Block making requires 3 steps for success

Concrete block is a popular component in construction for developing countries. Cement-based products are relatively inexpensive, they are created from local materials and they are easy to build with.

In Haiti we learned how deadly concrete blocks can be when not produced correctly. Like the story of Noe (pronounced NO-wee) and the earthquake of 2010. Noe was at the university when the earthquake occurred. He managed to escape, but a concrete block fell on his best friend who was running next to him, killing the friend. Noe escaped with just a serious gash on his arm from the concrete. This story is very common and thousands died from the same problem; bad concrete blocks.

Bad concrete block becomes rubbleThe problem with block making in these countries rests with a broken concrete supply chain. These bad blocks become a crushing instrument of destruction and death. The evidence of this fact can be found in the rubble piles following any natural disaster in a poor country. To make a good block requires a good recipe, a consistent compaction and proper curing.

Now observe the next 3 images…

Crumbling concrete block in Haiti

Look at the poor compaction and the crumbling corners

Mixing block recipe on the ground

No recipe measuring and no consistency in the mixing

Concrete block cured in the sun in Haiti

Sun cured without cover or moisture

These three images are from the video that you can view at the end of this posting. In the video you will witness one portion of the concrete supply chain that is working and three parts that are not.
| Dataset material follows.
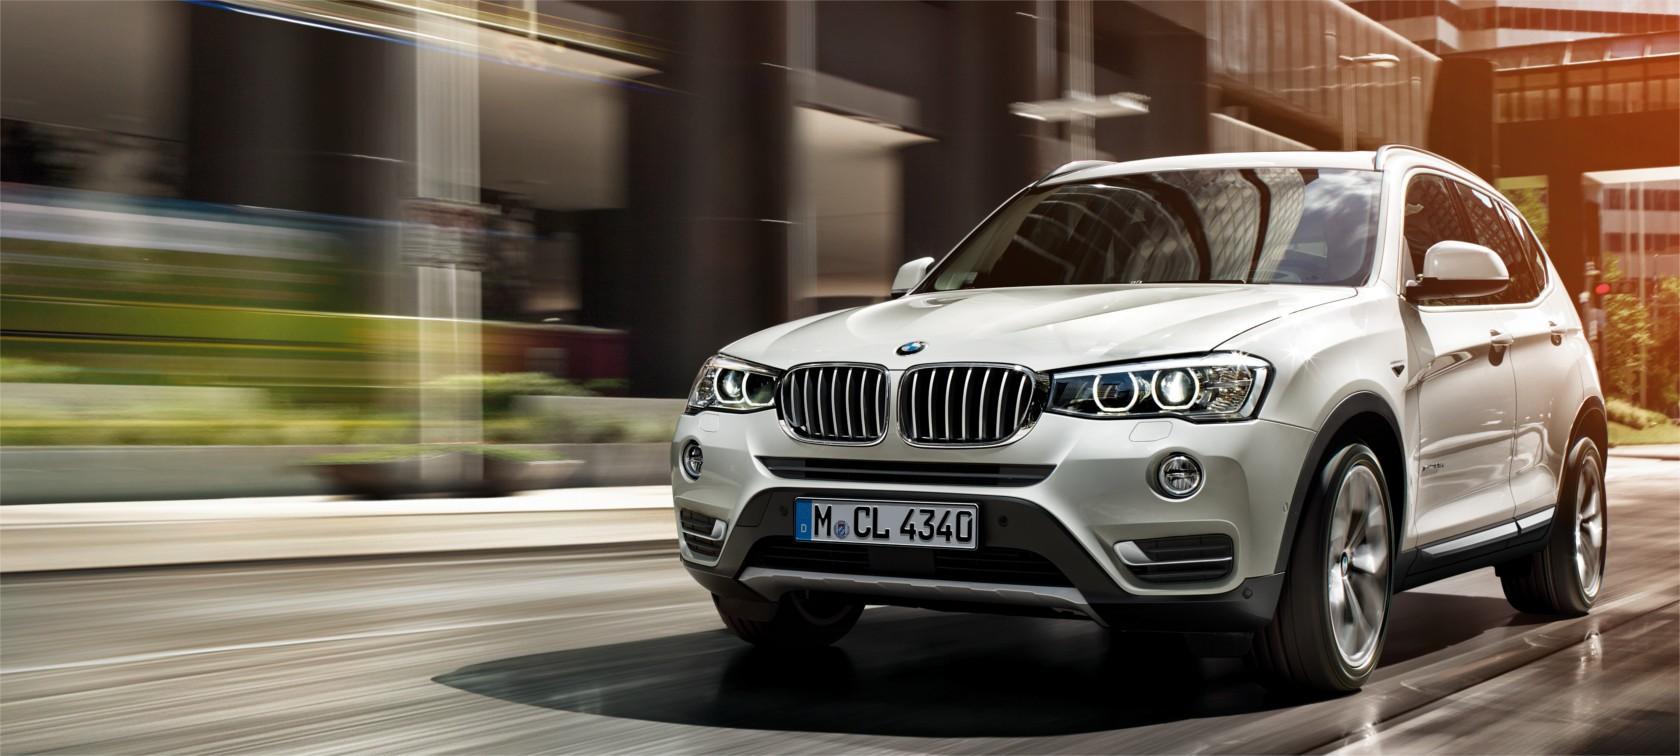 BMW X3 как объект товарной рекламы

The Haitian crew has the use of a mechanized block forming machine that can produce good block. Unfortunately the broken supply chain in Haiti is delivering bad sand to the site. Then the workers are using this bad sand in a ground-mixing process that fails to use a consistent recipe, and finally the inconsistent blocks are placed out in the direct sun to cure.

Good blocks use well graded sand, a correct proportion of cement, consistent mixing practices and then curing in a high moisture environment to avoid cracking. The chemistry of cement requires these things to be a part of the process in order to create a product that will not fail.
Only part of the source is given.